Boats Full Of Corpses Keep Washing Up In Japan
There are many horror plots you'd associate with Japan: creepy ghost girls, giant monsters, the lingering farts of long-gone otakus still haunting their apartment complexes. You wouldn't necessarily include the classic "ghost ship" story in that list ... which is why Japan, being Japan, has taken that trope and cranked it up to 11.
Like this, but with more atomic breath.
Instead of the traditional version where a ship is found with its crew mysteriously missing (and may or may not make its finders disappear as well, thanks to the vengeful sea ghosts haunting it), the country has opted for a real-life version where mysterious boats full of decomposing and mutilated corpses keep washing up on the country's shores. That's insane. Even the most visceral of ghost ship-themed horror movies tend to start with an empty ship, singular. Here, we have a whole bunch, turning up with some alarming regularity, and complete with a ton of well-worn corpses to bring some extra gore to the tale. Is ... is this going to be a zombie situation somewhere down the line? Is this how the whole "undead pirate" thing from Pirates Of The Caribbean would really play out?
Just a fleet of these with a full Evil Dead interior decor coming at you, Japan.
In the interest of accurate reporting, it should be mentioned that one of the boats has been connected to a unit of North Korea's army, along with Kim Jong-un's apparent insistence on fishing as a source of food and foreign income. So the leading boring theory is that these are North Korean ships, risking literal life and limb in order to catch a mackerel or six for the Great Leader.
Wait, hold on. That's ... actually even more terrifying than a dark saltwater god stealing fishermen's faces or whatever. Imagine that your entire lot in life is sailing notoriously stormy and awful seas in a barely equipped vessel, only for your crew to face the unspeakable horrors of the ocean. Maybe things get so bad that you end up with a Donner Party situation. Finally, after the inevitable gory climax, you wash up in a foreign land, where your badly decomposed mortal remains are collected and cremated by stoic Japanese coast guards who have at this point seen way too much of this shit to give a damn.
Around Act Two of that story, having your soul eaten by a horde of ravenous ocean witches would probably be a welcome respite.

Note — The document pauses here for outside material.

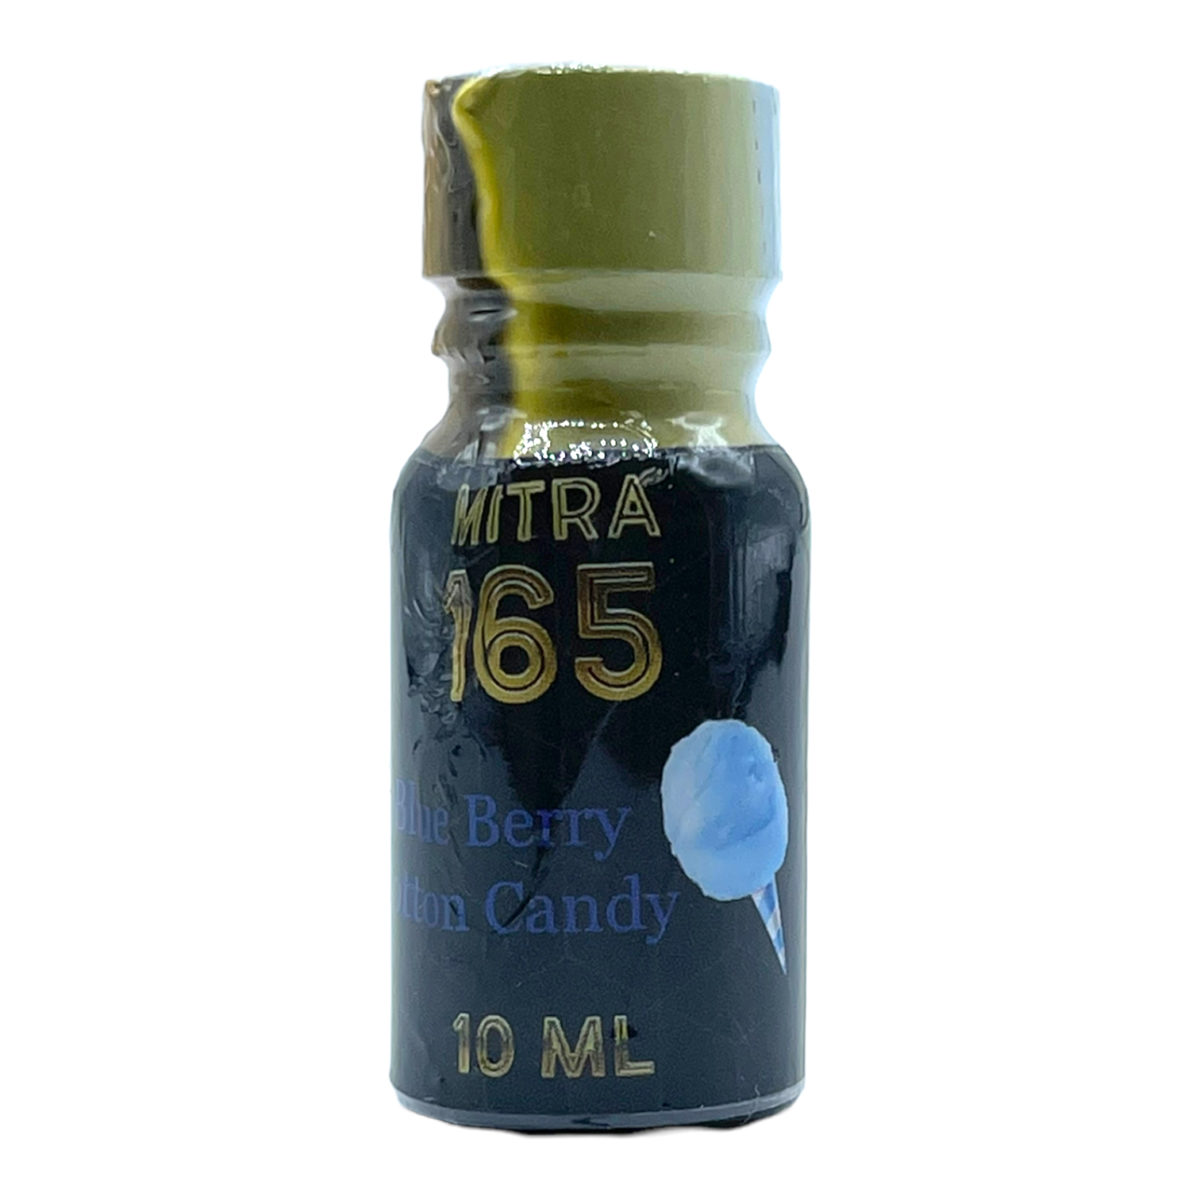 MITRA 165 Kratom Blue Berry Cotton Candy Extract Shot – 10ml
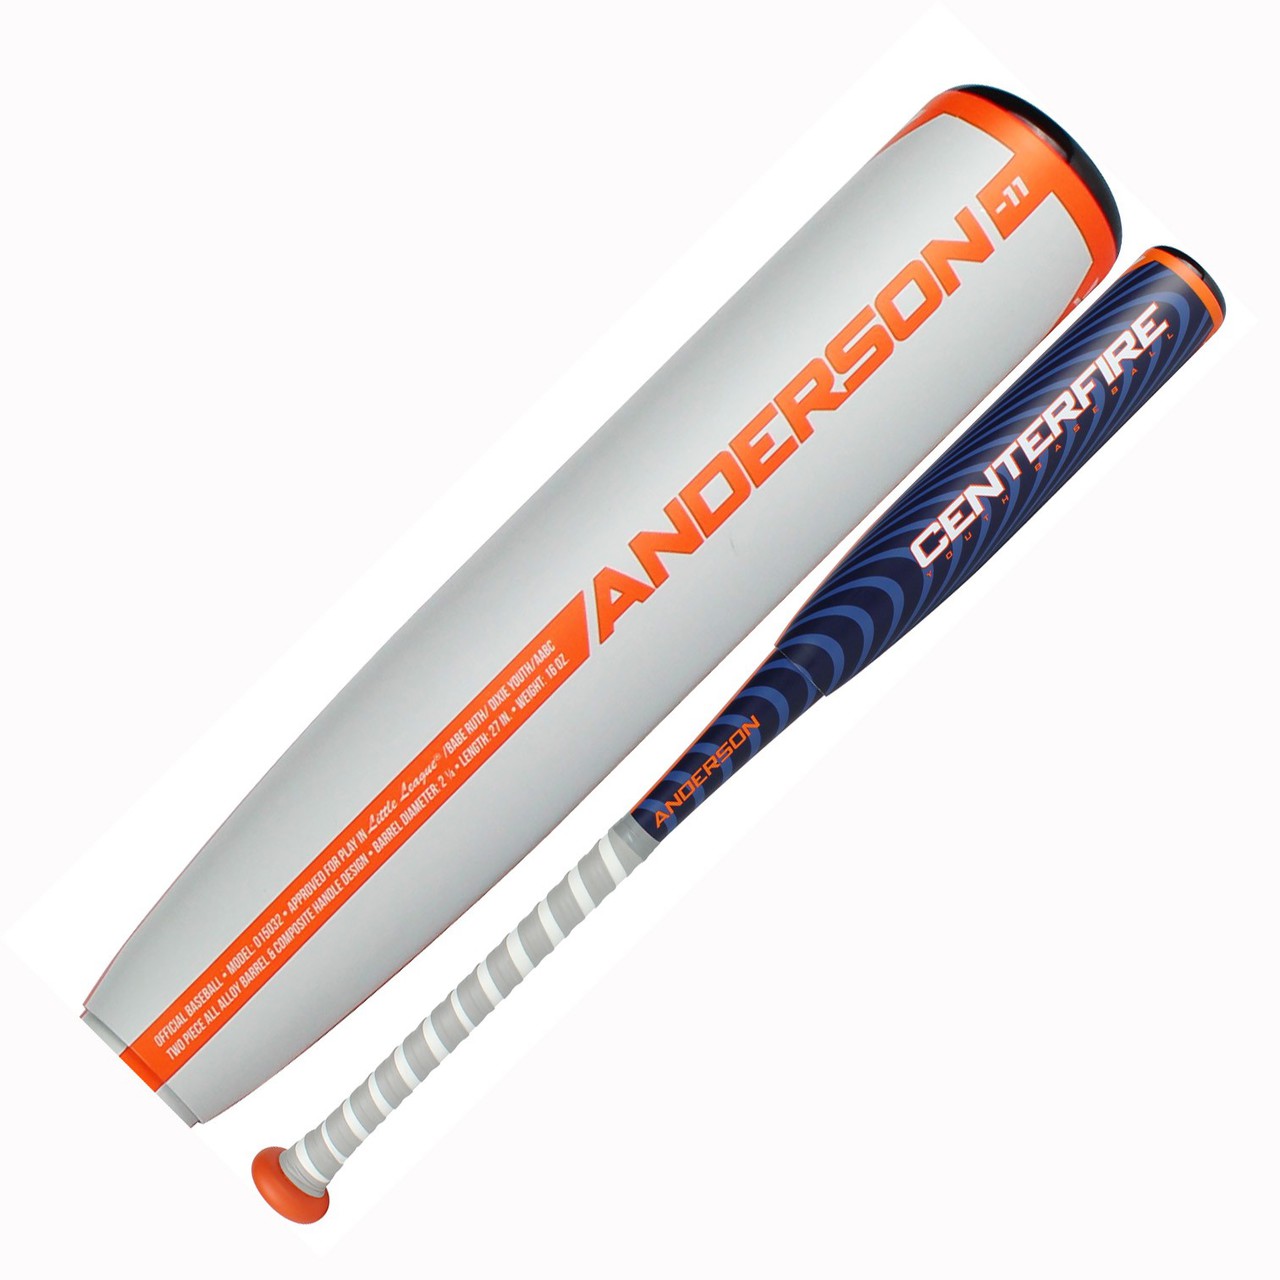 anderson-centerfire-28-inch-17-oz-youth-baseball-bat 015032-28-inch-17-oz Anderson 874147007686 The Anderson Centerfire baseball bat is our latest addition to our

A Company Had A Secret Nuclear Reactor For Decades
Let's say you're a resident of Rochester, New York. You're just minding your own business, pretending your city has famous people who are not Ryan Lochte and Kristen Wiig, when one day, your neighborhood is full of dudes in hazmat suits. Because a company next door had a goddamned secret nuclear reactor in their basement. But what kind of real-life Umbrella Corporation would go and pull a stunt like that ... ?
... K-Kodak? The photography company?
What the fuck?
Who knew a Kodak moment has a half-life of 24,110 years?
It's hard for a corporate entity to seem sympathetic, but Kodak -- a company most notorious for manufacturing film -- is probably as close as it comes in an era where everyone has a camera in their cell phone. Finding out a firm like that has been gleefully playing with Fallout tech all along is like discovering that your sweet grandpa's house has a secret dungeon for a 16-foot fuck doll constructed entirely out of rotting ham. Still, Kodak totally had a nuclear reactor. It was called "californium neutron flux multiplier," and they started messing around with it in 1974. The company is quick to mention that the reactor was just a relatively small one, they were operating it remotely behind two feet of concrete, and they only used it for non-nefarious purposes such as testing chemicals for impurities. They might even point out that they themselves were, in fact, the ones who revealed that they had one in the first place.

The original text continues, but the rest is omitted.